The valve spacing is determined by the operating pressure, the size of
the mains, and the local physical conditions.
(b) Each regulator station controlling the flow or pressure of gas
in a distribution system must have a valve installed on the inlet piping
at a distance from the regulator station sufficient to
[[Page 46]]
permit the operation of the valve during an emergency that might
preclude access to the station.
(c) Each valve on a main installed for operating or emergency
purposes must comply with the following:
(1) The valve must be placed in a readily accessible location so as
to facilitate its operation in an emergency.
(2) The operating stem or mechanism must be readily accessible.

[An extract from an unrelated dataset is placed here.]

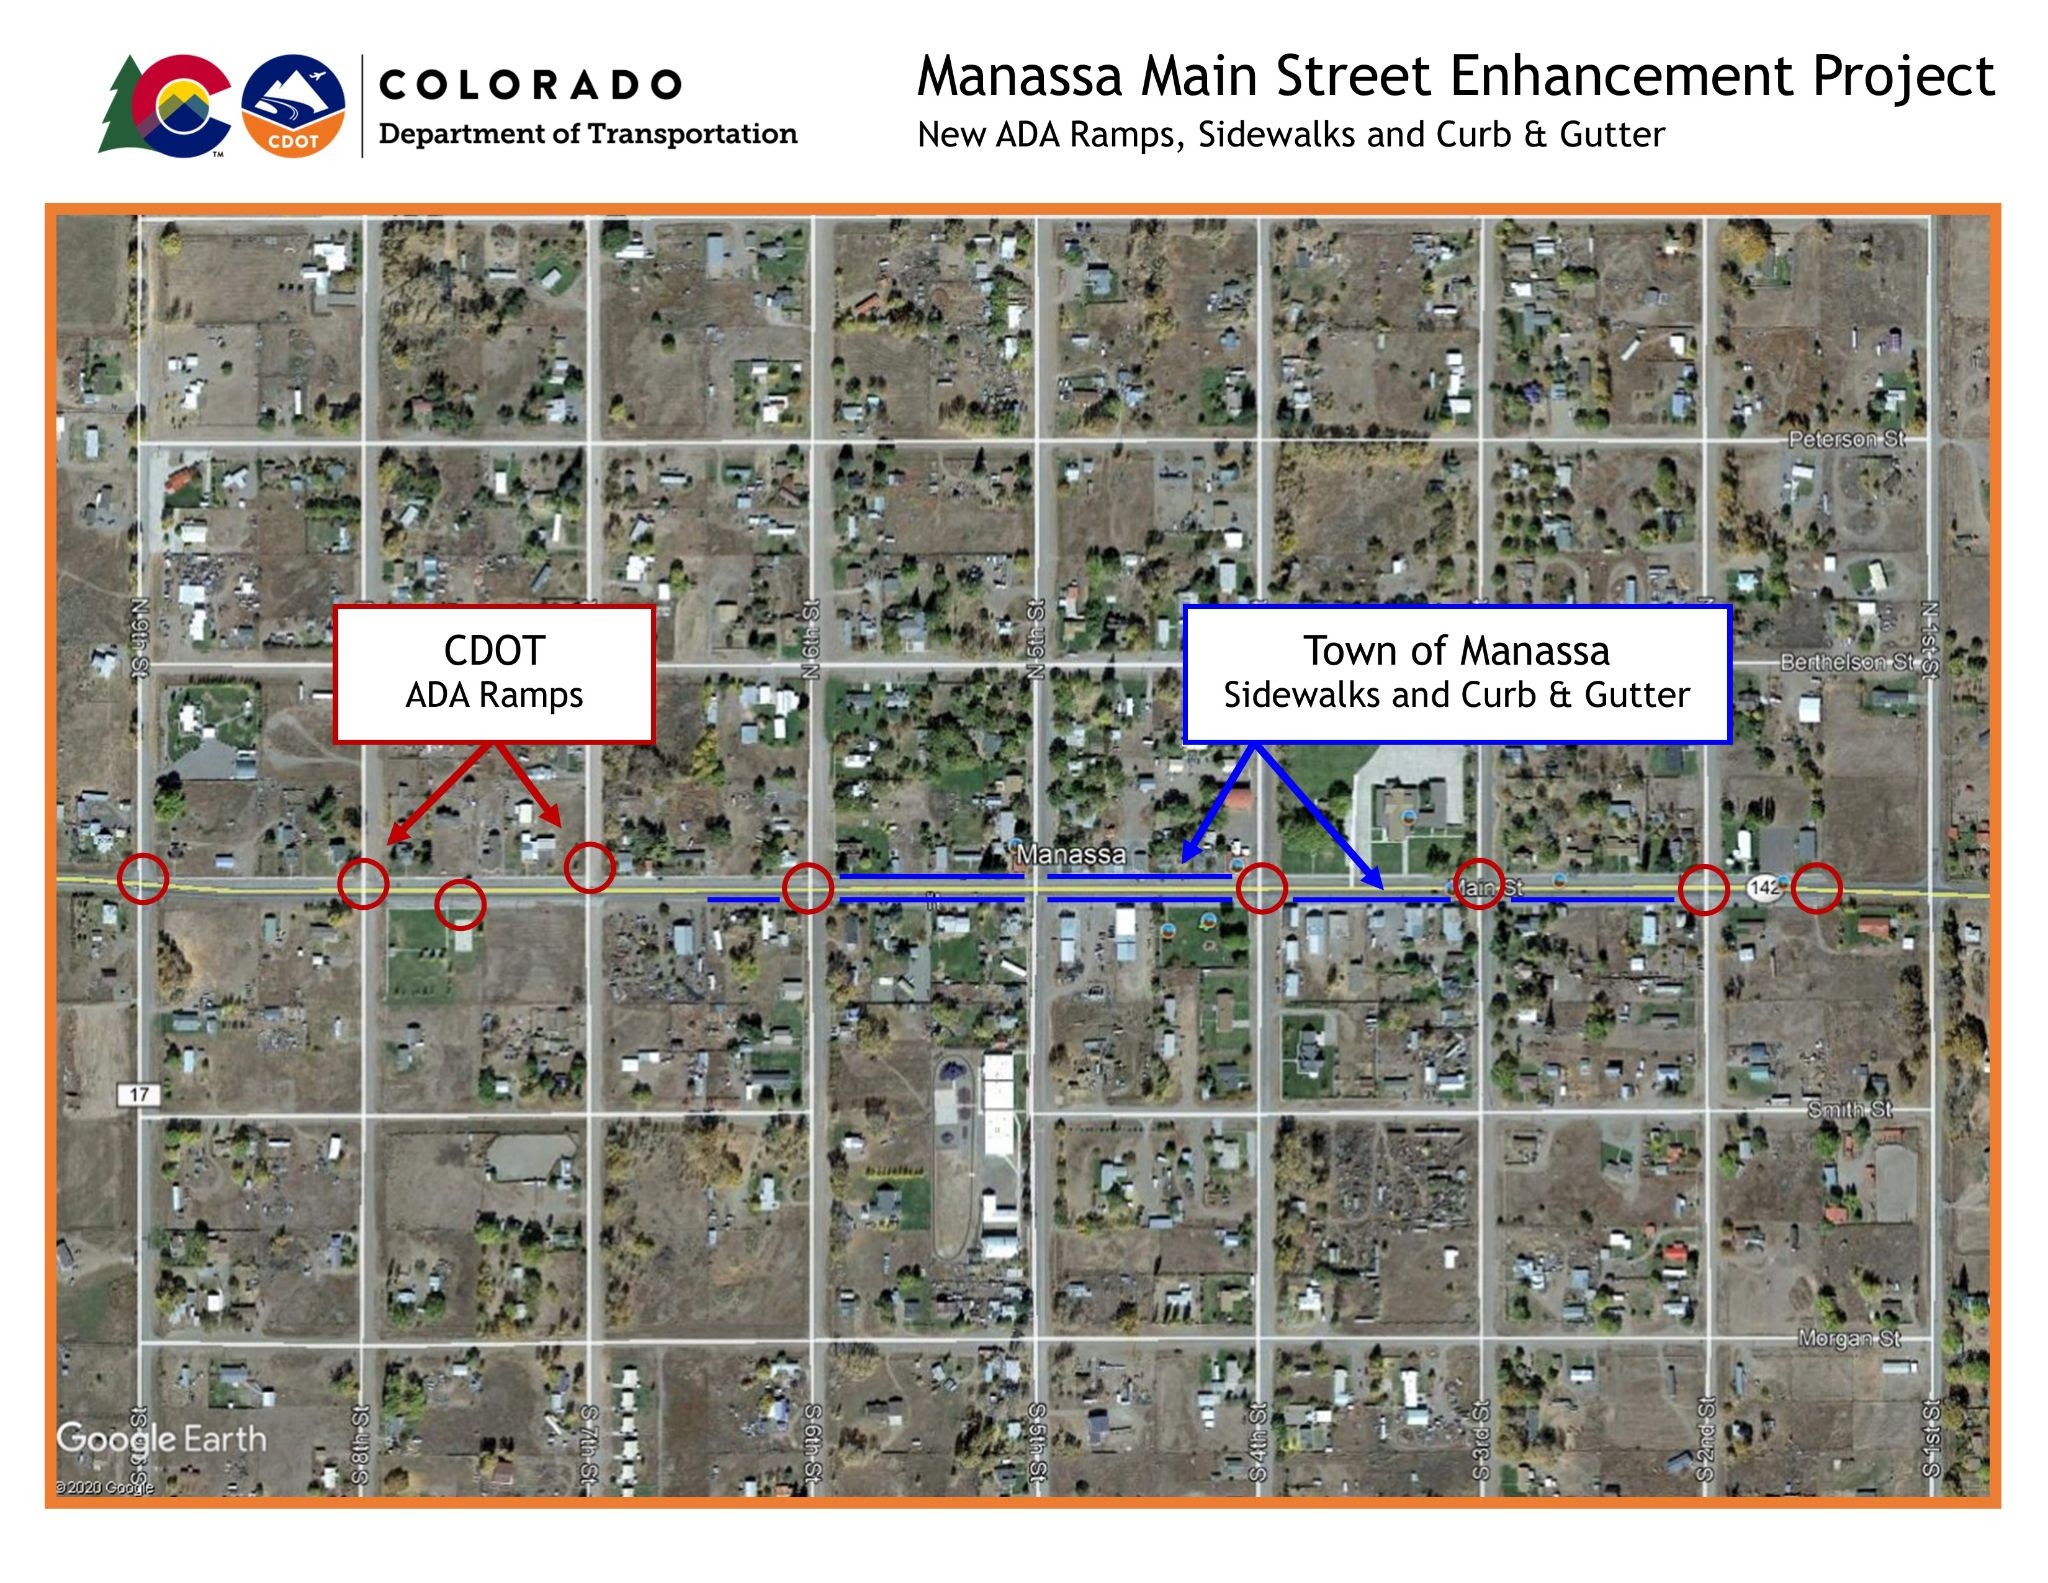 Manassa Main Street Enhancement Project map - New ADA ramps, sidewalks and curbs and gutters detail image

(3) If the valve is installed in a buried box or enclosure, the box
or enclosure must be installed so as to avoid transmitting external
loads to the main.
Sec. 192.183 Vaults: Structural design requirements.
(a) Each underground vault or pit for valves, pressure relieving,
pressure limiting, or pressure regulating stations, must be able to meet
the loads which may be imposed upon it, and to protect installed
equipment.
(b) There must be enough working space so that all of the equipment
required in the vault or pit can be properly installed, operated, and
maintained.
(c) Each pipe entering, or within, a regulator vault or pit must be
steel for sizes 10 inch (254 millimeters), and less, except that control
and gage piping may be copper. Where pipe extends through the vault or
pit structure, provision must be made to prevent the passage of gases or
liquids through the opening and to avert strains in the pipe.

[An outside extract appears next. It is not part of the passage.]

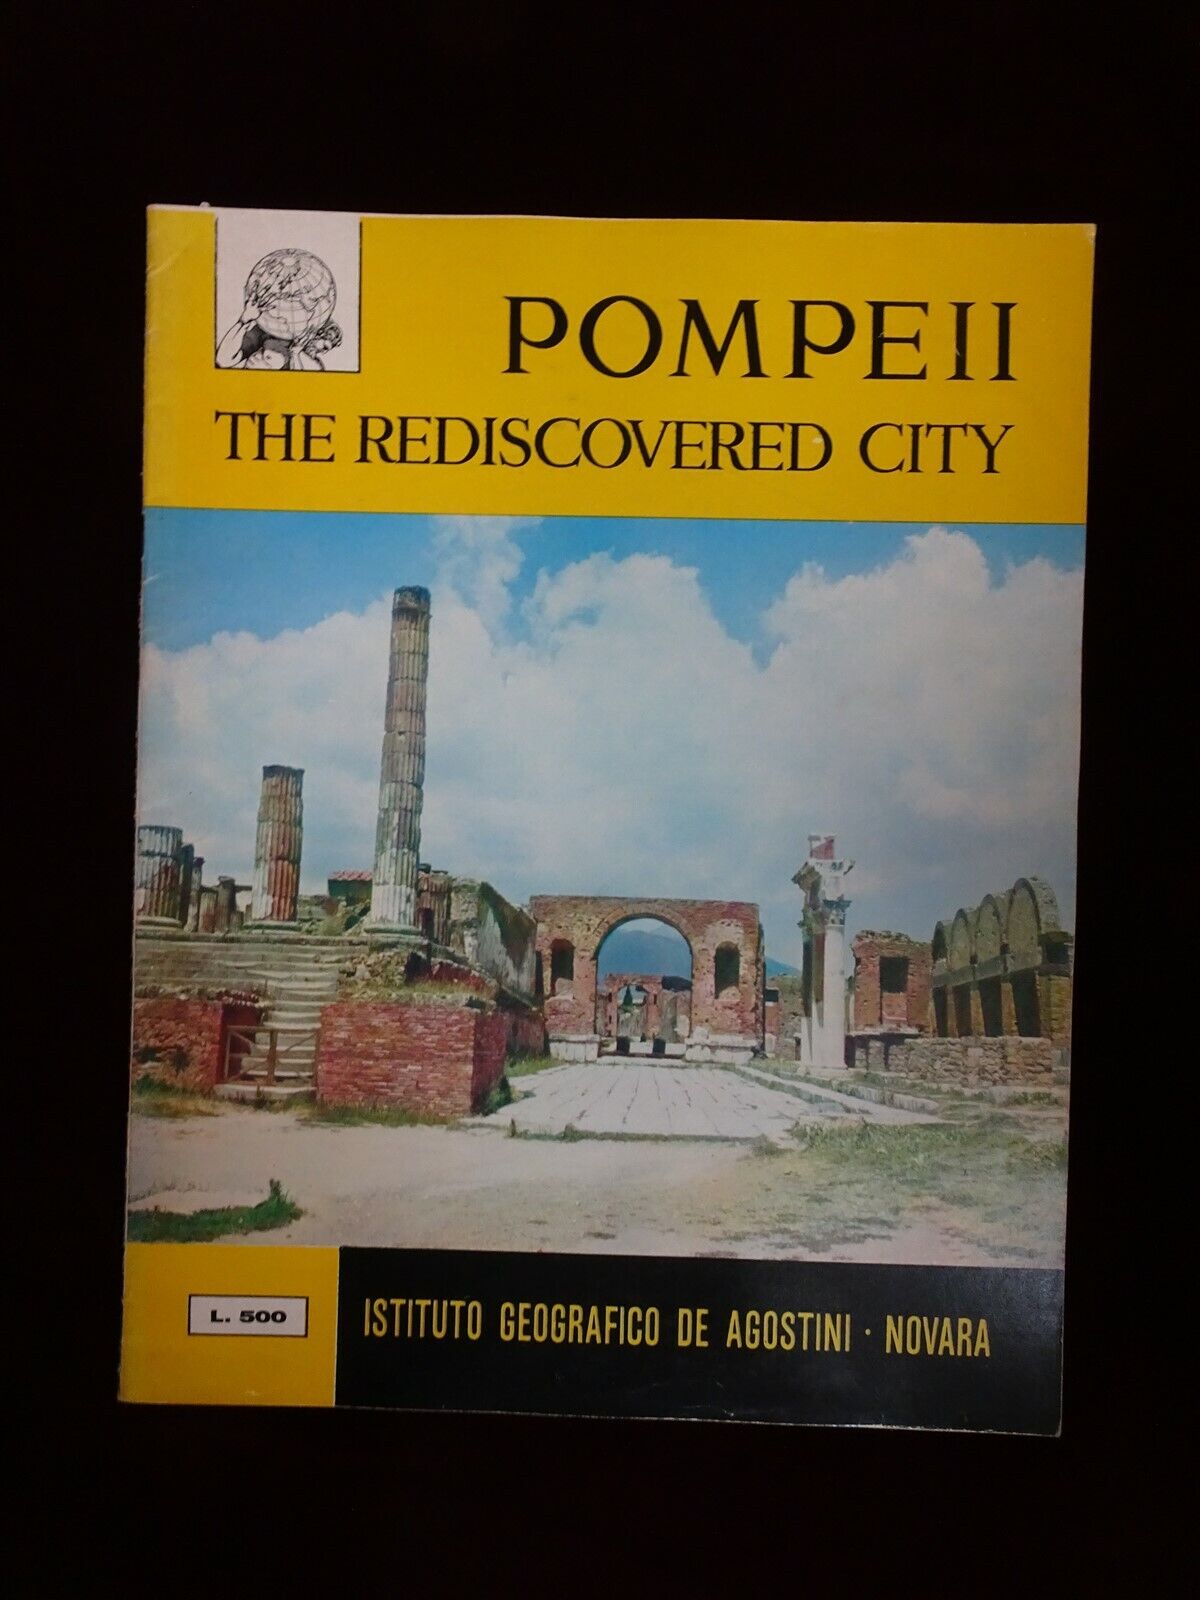 Vintage 1970 Archaeological Travel Guide to Pompeii The Rediscovered City, Italy

[35 FR 13257, Aug. 19, 1970, as amended by Amdt. 192-85, 63 FR 37503,
July 13, 1998]
Sec. 192.185 Vaults: Accessibility.
Each vault must be located in an accessible location and, so far as
practical, away from:
(a) Street intersections or points where traffic is heavy or dense;
(b) Points of minimum elevation, catch basins, or places where the
access cover will be in the course of surface waters; and
(c) Water, electric, steam, or other facilities.
Sec. 192.187 Vaults: Sealing, venting, and ventilation.
Each underground vault or closed top pit containing either a
pressure regulating or reducing station, or a pressure limiting or
relieving station, must be sealed, vented or ventilated as follows:
(a) When the internal volume exceeds 200 cubic feet (5.7 cubic
meters):
(1) The vault or pit must be ventilated with two ducts, each having
at least the ventilating effect of a pipe 4 inches (102 millimeters) in
diameter;
(2) The ventilation must be enough to minimize the formation of
combustible atmosphere in the vault or pit; and
(3) The ducts must be high enough above grade to disperse any gas-
air mixtures that might be discharged.
(b) When the internal volume is more than 75 cubic feet (2.1 cubic
meters) but less than 200 cubic feet (5.7 cubic meters):
(1) If the vault or pit is sealed, each opening must have a tight
fitting cover without open holes through which an explosive mixture
might be ignited, and there must be a means for testing the internal
atmosphere before removing the cover;
(2) If the vault or pit is vented, there must be a means of
preventing external sources of ignition from reaching the vault
atmosphere; or
(3) If the vault or pit is ventilated, paragraph (a) or (c) of this
section applies.
(c) If a vault or pit covered by paragraph (b) of this section is
ventilated by openings in the covers or gratings and the ratio of the
internal volume, in cubic feet, to the effective ventilating area of the
cover or grating, in square feet, is less than 20 to 1, no additional
ventilation is required.
[35 FR 13257, Aug. 19, 1970, as amended by Amdt. 192-85, 63 FR 37503,
July 13, 1998]
Sec. 192.189 Vaults: Drainage and waterproofing.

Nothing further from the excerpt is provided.